The Hunger Plan (German: der Hungerplan, der Backe-Plan) was a partially implemented plan developed by Nazi bureaucrats during World War II to seize food from the Soviet Union and give it to German soldiers and civilians. The plan entailed the genocide by starvation of millions of Soviet citizens following Operation Barbarossa, the 1941 invasion of the Soviet Union (see Generalplan Ost). The plan created a famine as an act of policy, killing millions of people.[1]

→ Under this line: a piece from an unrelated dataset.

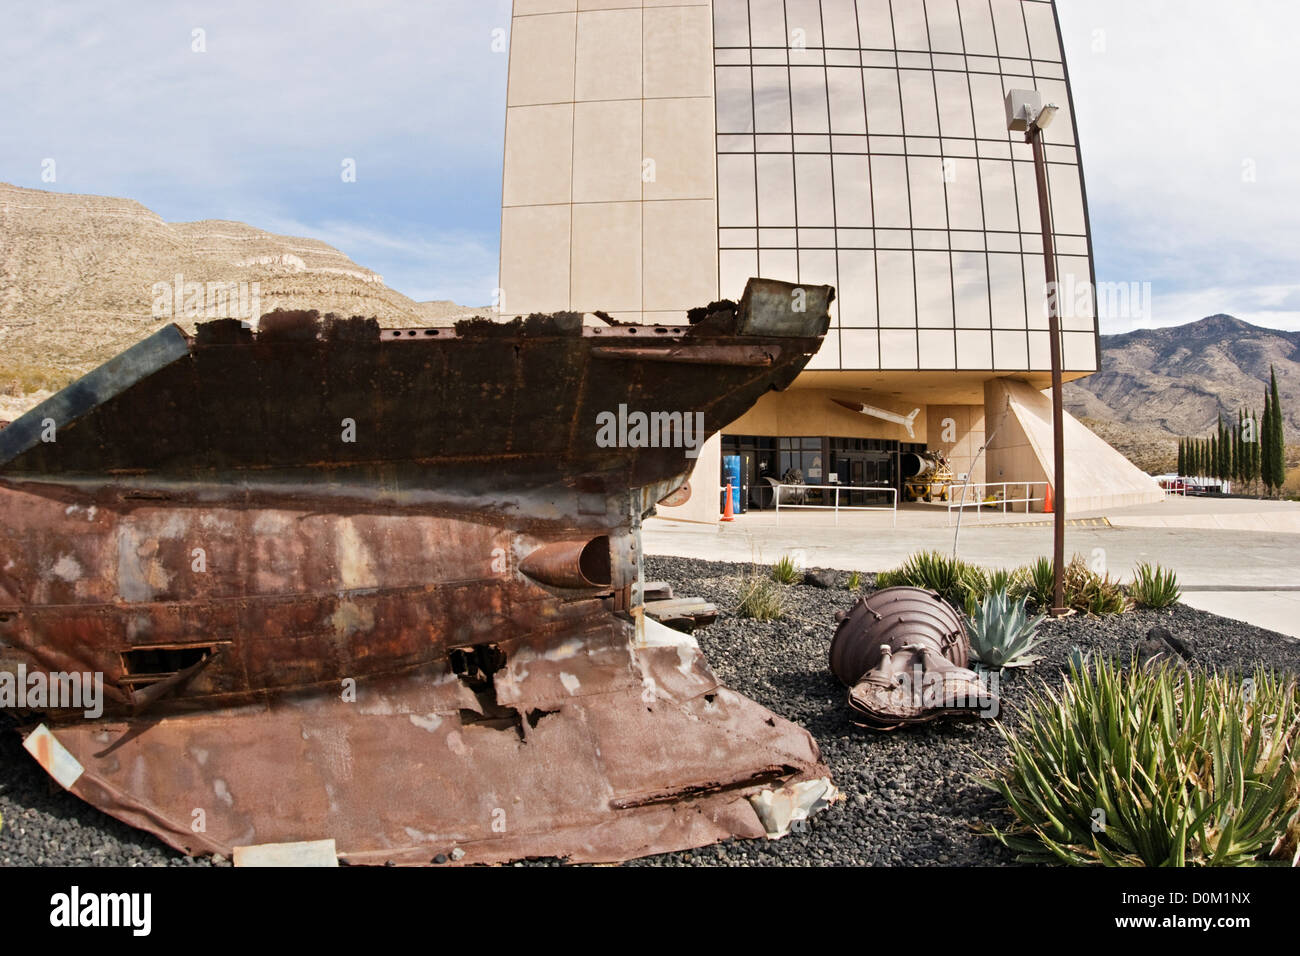 The wreckage of a rocket lies out in the John P. Stapp Air & Space Park outside the New Mexico Museum of Space History. Stock Photo

The Hunger Plan was first formulated by senior German officials during a Staatssekretäre meeting on 2 May 1941 to prepare for the Wehrmacht (German armed forces) invasion and the Nazi war of extermination (Vernichtungskrieg) in Eastern Europe. Its means of mass murder were outlined in several documents, including one that became known as Göring's Green Folder. As part of the plan, Nazi military forces were ordered to capture food stocks in occupied territories, redirect them to supply German troops and fuel the German war economy.[2][3] In addition to the extensive exploitation of resources to support the German war economy, the Hunger Plan intended to create an artificial famine in Eastern Europe, which would have resulted in deaths of around 31 to 45 million inhabitants through forced starvation.[4][5]
The original plan was orchestrated by Herbert Backe, who led a coalition of Nazi politicians dedicated to securing Germany's food supply. He was politically allied with Heinrich Himmler, who was a member of the same coalition. The plan is estimated to have eliminated 4.2 million Soviet citizens between 1941 and 1944, but most of its victims were Russians, Ukrainians, and Belarusians. The plans to starve the entire civilian population of the occupied territories had been abandoned by the end of 1941, because the goal was considered to surpass the capability of the German military forces.